La 2026 Women’s Africa Cup of Nations s’est achevée le week-end dernier avec le sacre du Cameroun. Les Lionnes Indomptables sont rentrées au pays avec le trophée et plusieurs distinctions individuelles. Les sœurs Chawinga, Hanane Ait El Haj et Marine Dafeur figurent parmi les joueuses les plus en vue du tournoi.
Un tournoi historique
Dimanche soir à Rabat, le Cameroun a remporté son premier titre continental en battant le Malawi 3-0 en finale d’une CAN féminine historique. Le Cameroun, le Malawi (finaliste pour sa première participation), l’Algérie (qui a réalisé le meilleur résultat de son histoire) et le Maroc (qui a brillé devant son public) ont tous décroché leur qualification pour la Coupe du Monde féminine 2027™. L’Afrique du Sud et le Ghana, quant à eux, se sont qualifiés pour le Tournoi de Barrage de la FIFA.
Chacune de ces équipes a pu compter sur des talents exceptionnels, capables d’enflammer les supporters du continent et au-delà. FIFA dresse le portrait des joueuses qui ont laissé la plus forte impression.

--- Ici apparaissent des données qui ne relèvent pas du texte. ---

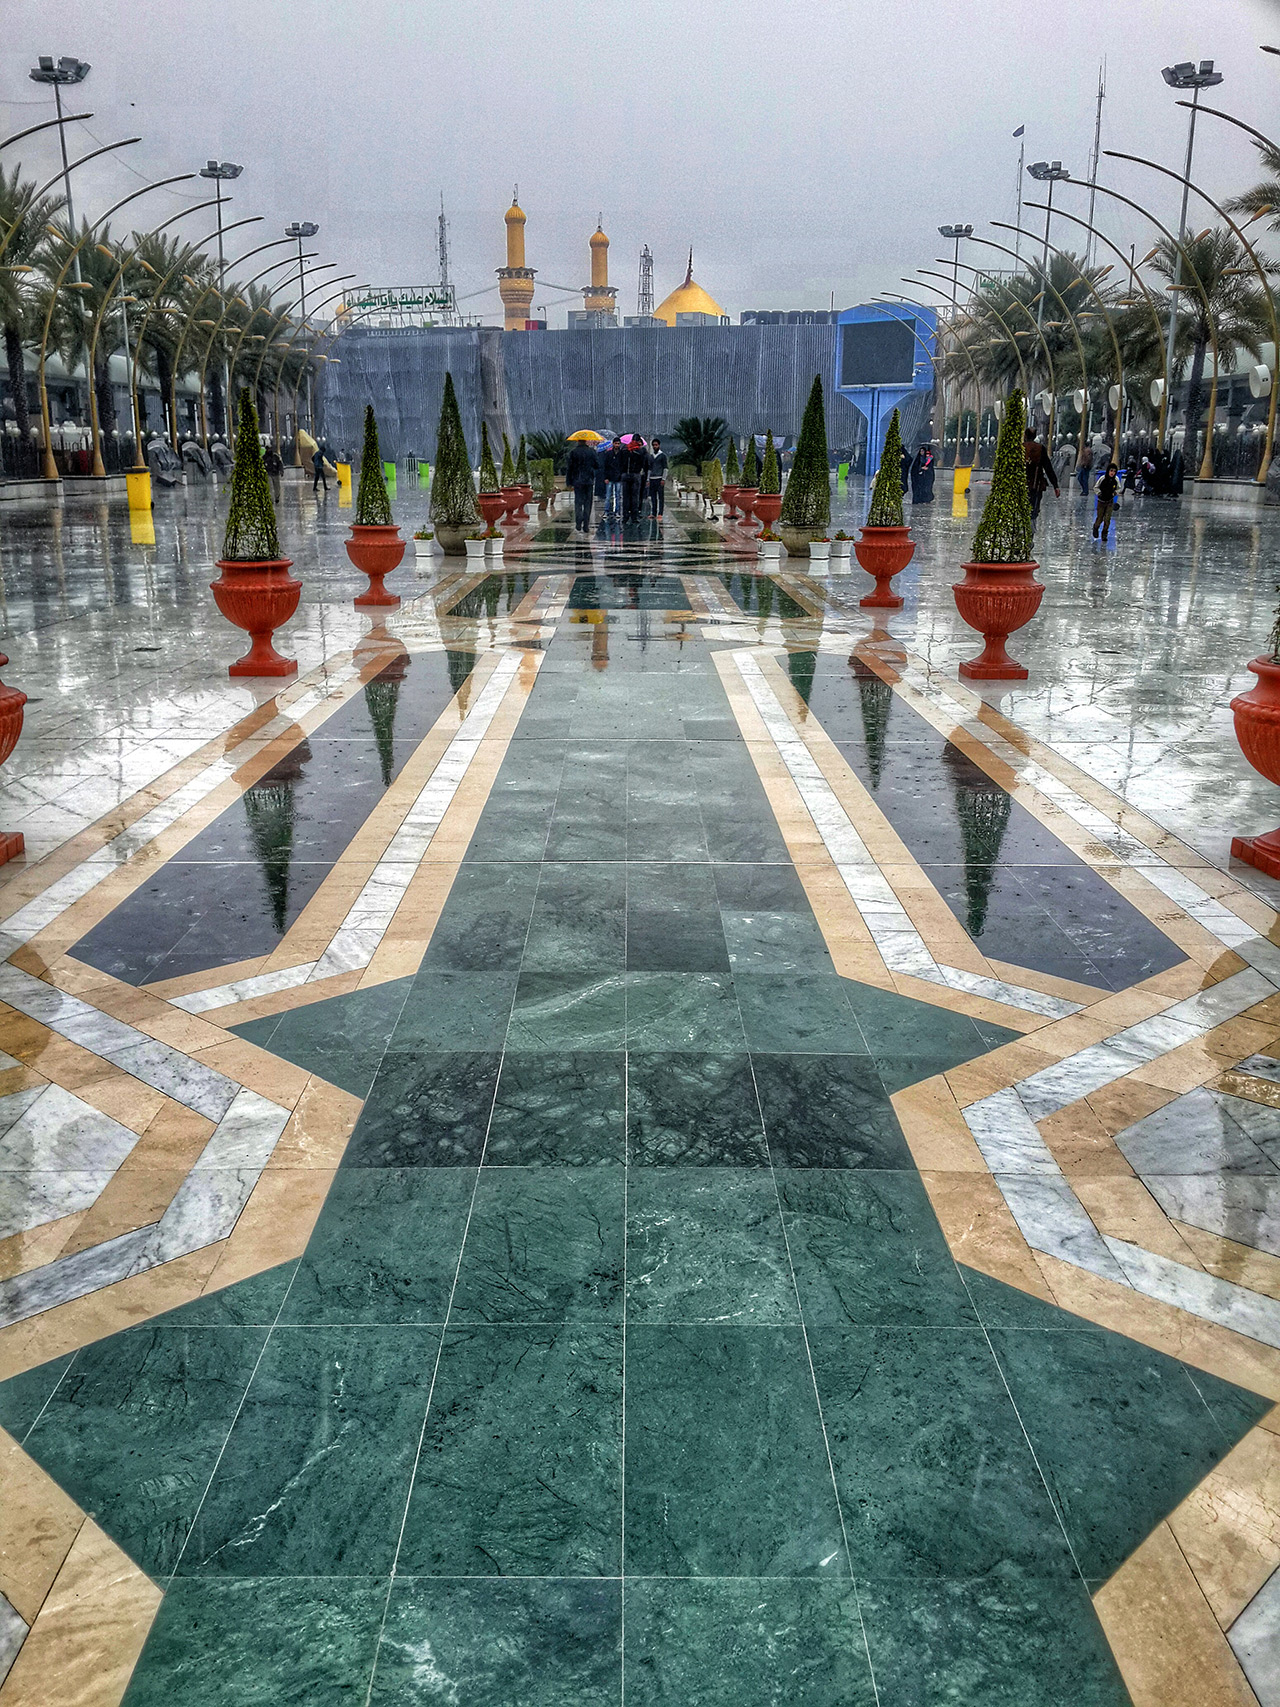 تصاویر زیبا از حرم امام حسین (ع) در روزهای بارانی/ من ... قدمزنان ... در حرم بارانیت ...

Les Lionnes Indomptables, championnes d’Afrique
Monique Ngock, la maîtresse du milieu
« Nous ne disons pas que nous allons gagner la CAN, mais c’est une nouvelle opportunité et nous devons la saisir pour montrer un autre visage », avait déclaré Monique Ngock à FIFA avant le tournoi. Ces mots semblent aujourd’hui bien modestes. Le Cameroun avait été repêché après avoir initialement perdu contre l’Algérie en qualification (3-1 sur les deux matchs), mais les Lionnes ont su profiter de cette seconde chance, transformant leur parcours en une campagne victorieuse. Ngock en a été le cœur battant. Infatigable au milieu, elle s’est imposée physiquement, a remporté duel après duel et a constamment cherché à jouer vers l’avant, déclenchant d’innombrables attaques. Son influence à tous les niveaux a été récompensée par le titre de meilleure joueuse du tournoi.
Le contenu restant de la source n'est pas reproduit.